14 Jun 2019 | Han Zhang, Ian Goodfellow, Dimitris Metaxas, Augustus Odena
This paper introduces Self-Attention Generative Adversarial Networks (SAGAN), which incorporate self-attention mechanisms into GANs to model long-range dependencies in image generation. Traditional convolutional GANs rely on local receptive fields, limiting their ability to capture global dependencies. SAGANs use self-attention to enable the generator to leverage information from distant regions, improving the consistency of generated images. The self-attention module calculates responses at each position as a weighted sum of features across all positions, with weights determined by a small computational cost. This allows the generator to coordinate fine details across the entire image, while the discriminator can verify consistency between distant regions.
SAGANs also incorporate spectral normalization to stabilize training dynamics, which has been shown to improve GAN performance. The proposed SAGAN achieves state-of-the-art results on the ImageNet dataset, boosting the Inception score from 36.8 to 52.52 and reducing the Fréchet Inception distance from 27.62 to 18.65. Visualization of attention layers shows that the generator uses neighborhoods corresponding to object shapes rather than fixed local regions.
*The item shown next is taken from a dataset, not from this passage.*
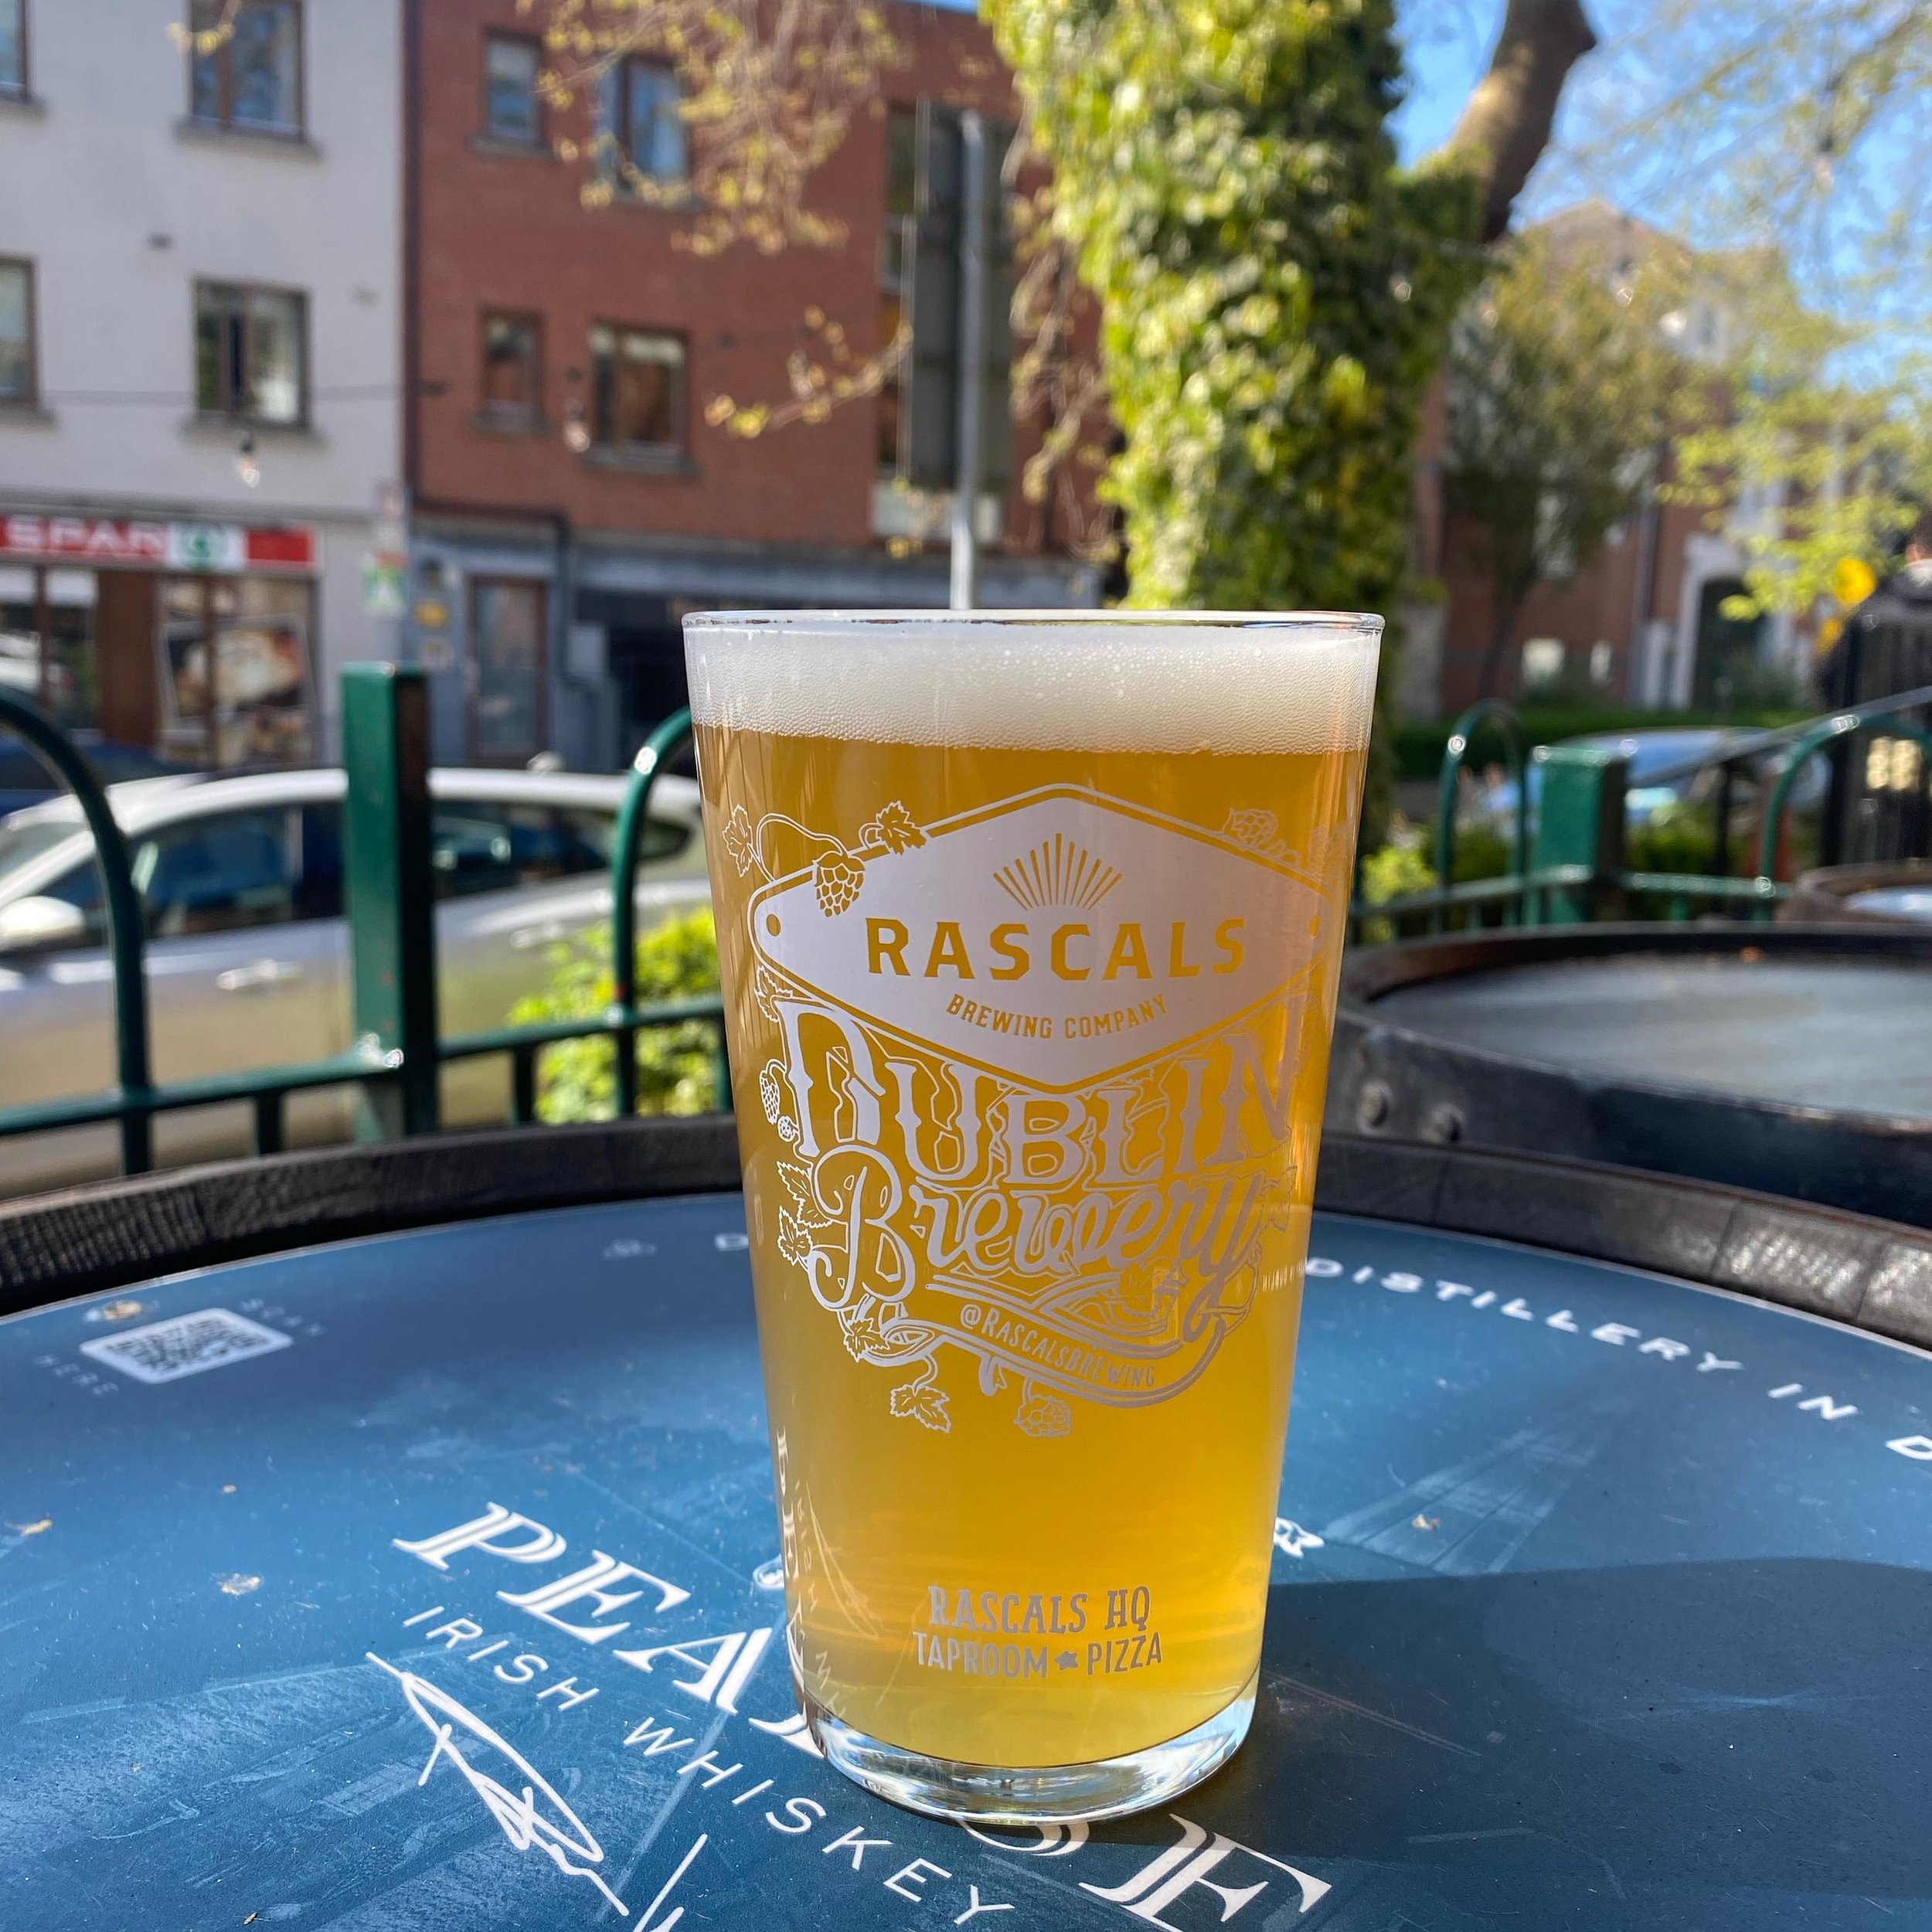 This is looking very promising for some curb side pints this evening 🌞🌞🌅🌅🕶️🕶️

The paper also explores techniques to stabilize GAN training, including spectral normalization for both generator and discriminator, and the two-timescale update rule (TTUR) for faster convergence. Experiments show that these techniques significantly improve training stability and performance. The self-attention mechanism is shown to be more effective than residual blocks in capturing long-range dependencies, and the results demonstrate that SAGANs outperform previous GAN models in image generation tasks. The attention mechanism enables the generator and discriminator to directly model long-range dependencies in feature maps, leading to more realistic and diverse generated images. SAGANs achieve the best Inception score, intra-FID, and FID on ImageNet, demonstrating their effectiveness in class-conditional image generation.This paper introduces Self-Attention Generative Adversarial Networks (SAGAN), which incorporate self-attention mechanisms into GANs to model long-range dependencies in image generation. Traditional convolutional GANs rely on local receptive fields, limiting their ability to capture global dependencies. SAGANs use self-attention to enable the generator to leverage information from distant regions, improving the consistency of generated images. The self-attention module calculates responses at each position as a weighted sum of features across all positions, with weights determined by a small computational cost. This allows the generator to coordinate fine details across the entire image, while the discriminator can verify consistency between distant regions.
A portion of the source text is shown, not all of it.